Mientras el socialismo catalán invoca en las cámaras el riesgo de «discriminación», en Lérida un alcalde del PSC defiende ahora la prohibición del burka apelando a la convivencia, la seguridad y la igualdad entre hombres y mujeres, argumentos muy similares a los que suele esgrimir la derecha.

La ciudad no es ajena a esta polémica. Lérida fue en 2010 la primera capital española en aprobar una ordenanza que prohibía el velo integral en edificios y equipamientos municipales, una medida impulsada también por un alcalde socialista y apoyada por PP y CiU.

La norma acabó suspendida por la justicia y el Tribunal Supremo la anuló al considerar que el consistorio se había excedido en sus competencias al limitar un derecho fundamental como la libertad religiosa.

Pese a aquel precedente, la Paeria vuelve a situarse en el foco del debate nacional sobre el burka, en un contexto en el que PP y Vox han reactivado esta cuestión en las Cortes y en Cataluña, y en el que se discute el encaje legal de este tipo de vetos en el marco europeo.
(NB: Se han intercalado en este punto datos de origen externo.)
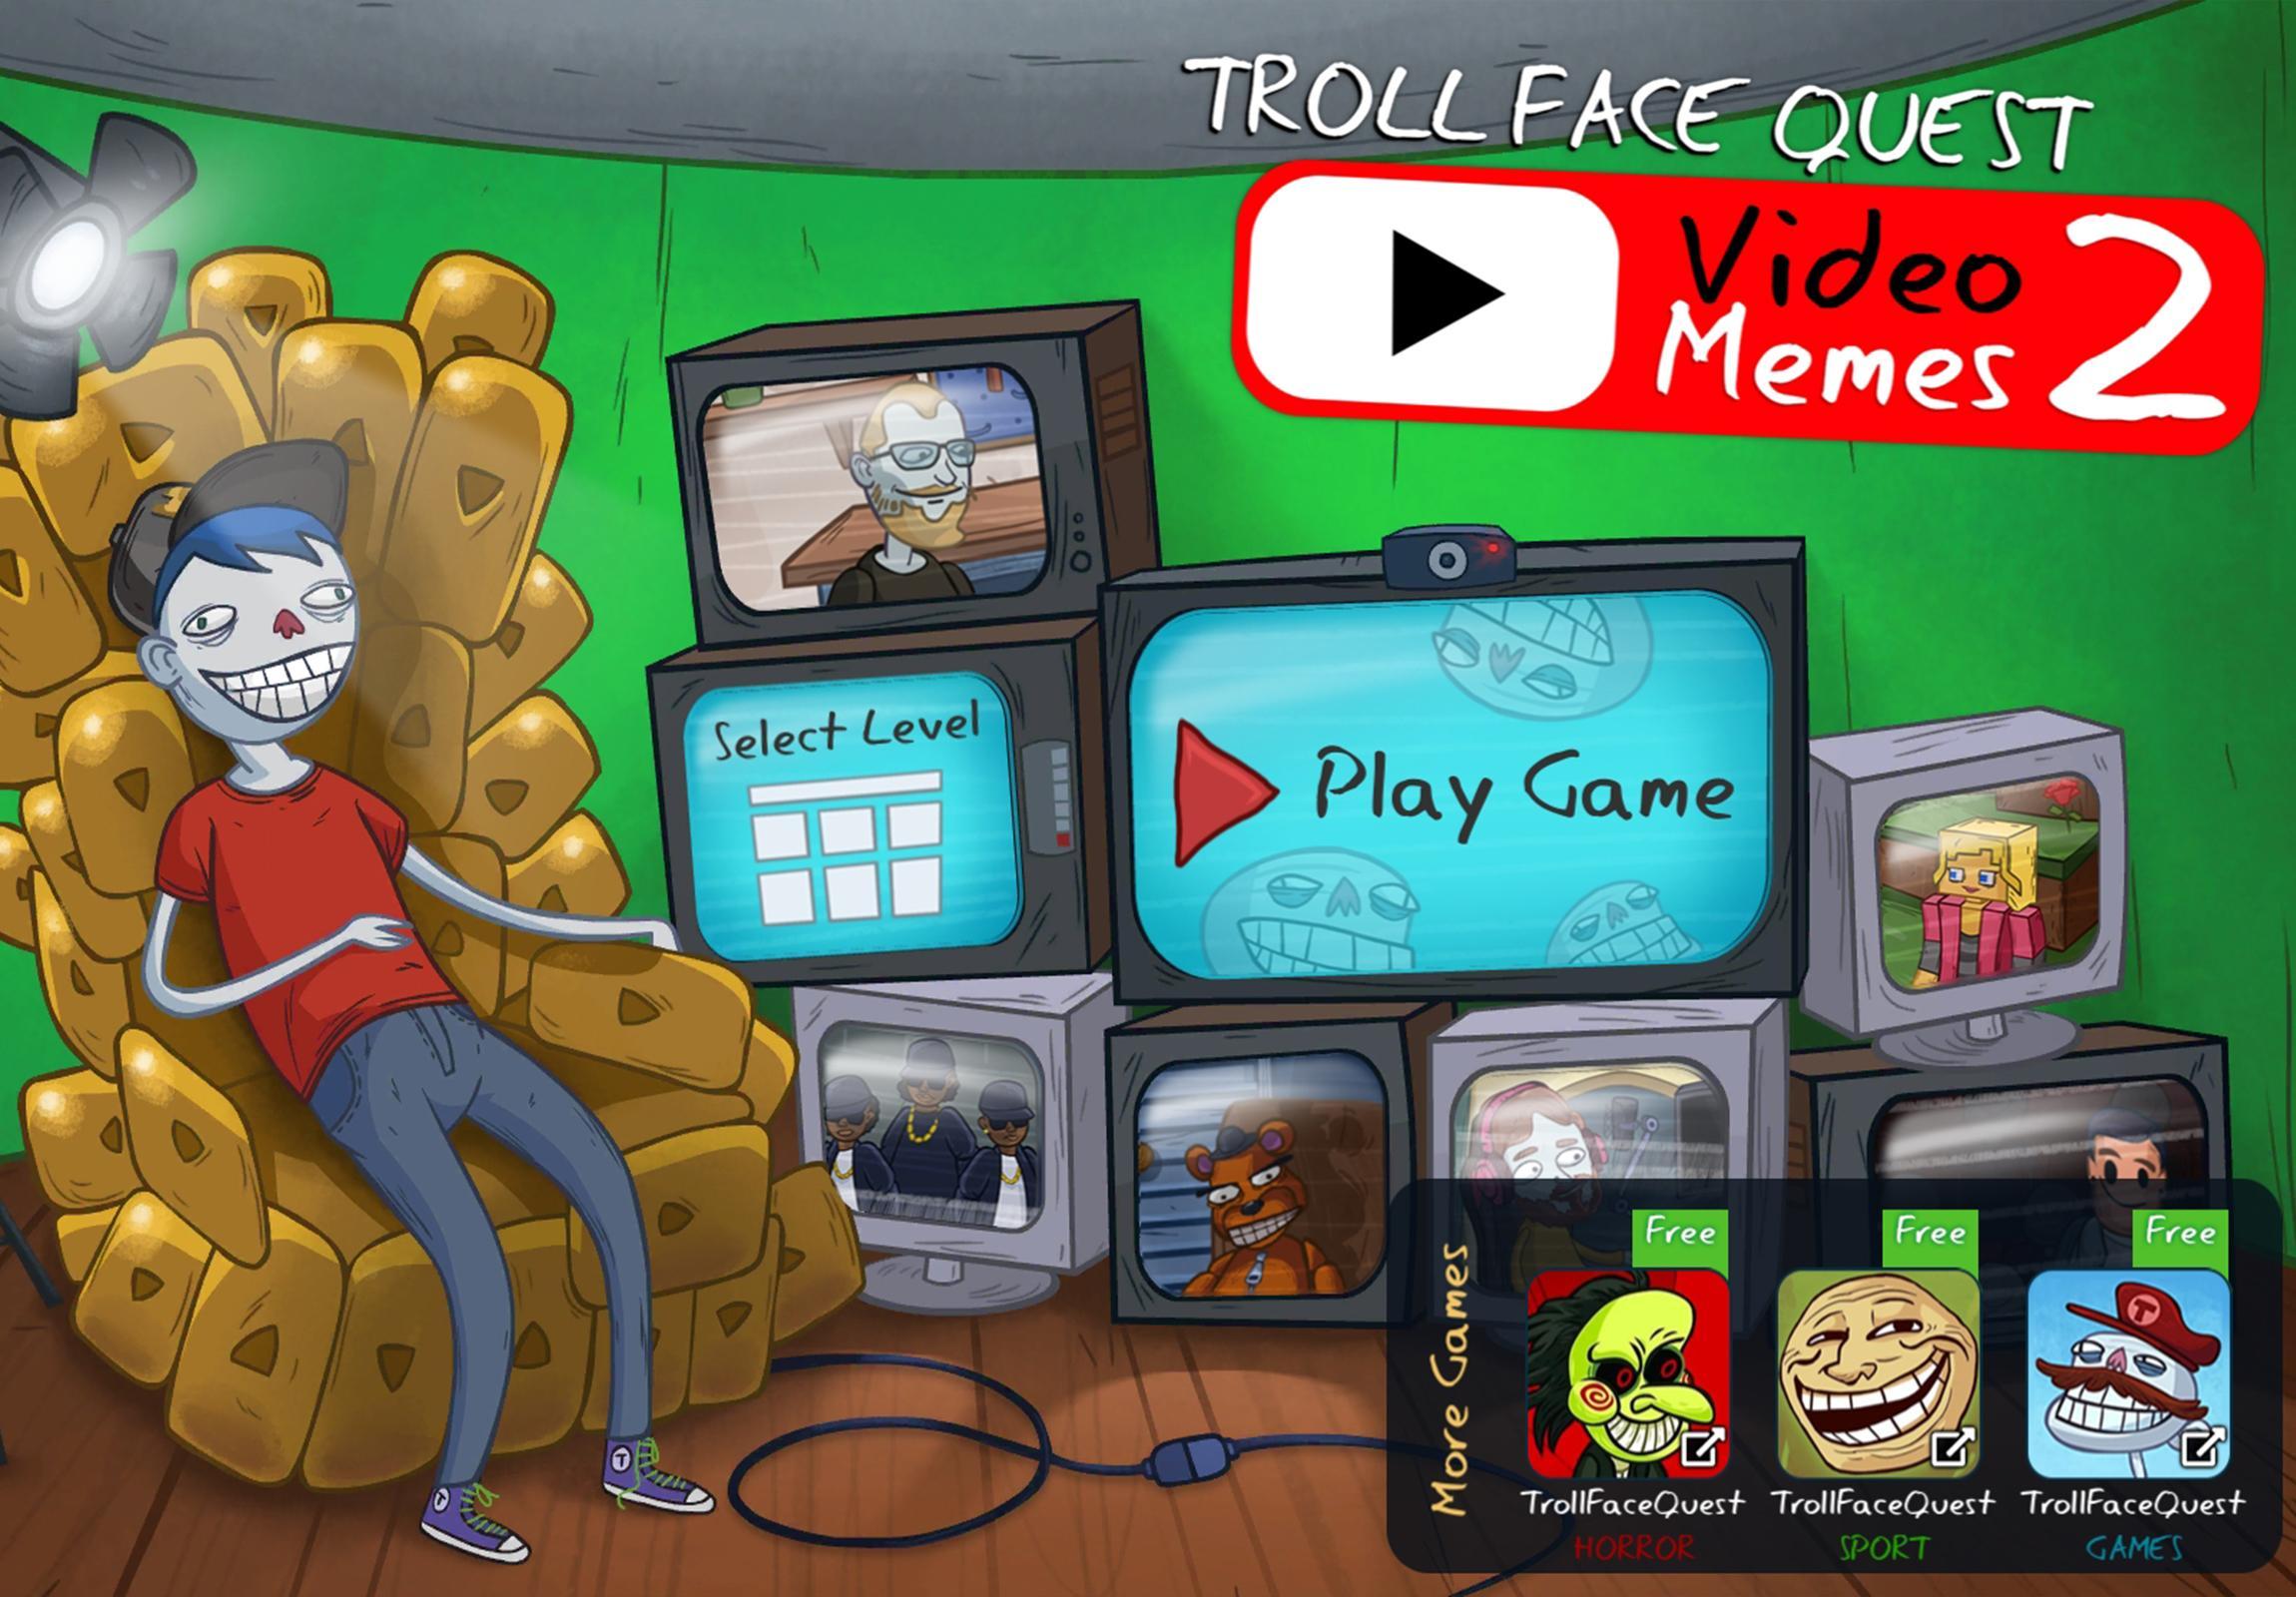 Troll Face Quest: Horror 2 - Download & Play for Free Here

Gerona: la CUP ante su propio espejo en la okupación

La brecha entre relato y gestión también se hace visible en Gerona. El Ayuntamiento, dirigido por Guanyem Girona —espacio próximo a la CUP—, inició un procedimiento de desahucio administrativo contra una familia que ocupaba un piso social municipal, después de años de impagos y de que la vivienda se utilizara para empadronar a terceros.

Sindicatos de vivienda y colectivos del entorno antisistema convocaron una protesta para frenar el lanzamiento y acusaron al consistorio de forzar la vía administrativa para ejecutar el desalojo.

La presión de los activistas logró detener temporalmente el desahucio, pero abrió una crisis interna en el universo cupaire: el mismo espacio político que ha hecho bandera de la lucha contra los desahucios y la defensa de las okupaciones se veía promoviendo la expulsión de una inquilina de vivienda pública por incumplimientos reiterados.

Desde el gobierno municipal se defendió la medida alegando responsabilidad en la gestión del parque social y la necesidad de garantizar que las viviendas públicas lleguen a familias que cumplen los requisitos y respetan las condiciones de uso.

Cuando la realidad local desmiente el relato

Lérida y Gerona ilustran un patrón que se repite en distintos municipios catalanes: partidos de izquierda que en el Parlament y en Madrid se oponen a endurecer las leyes sobre burka, okupación o multirreincidencia, pero que en sus ayuntamientos acaban aprobando ordenanzas de civismo más estrictas, respaldando desahucios de pisos sociales utilizados de forma irregular o reclamando más presencia policial.

La nueva prohibición del burka en Lérida vuelve a poner sobre la mesa el equilibrio entre libertad religiosa, dignidad de la mujer y seguridad en el espacio público, mientras el caso de Gerona reabre el debate sobre hasta dónde puede llegar un ayuntamiento a la hora de frenar abusos en viviendas sociales sin romper con los movimientos que han apoyado su llegada al poder.

En ambos escenarios, la gestión diaria y la presión de los vecinos acaban desmintiendo, una vez más, el relato ideológico que se exhibe desde los escaños.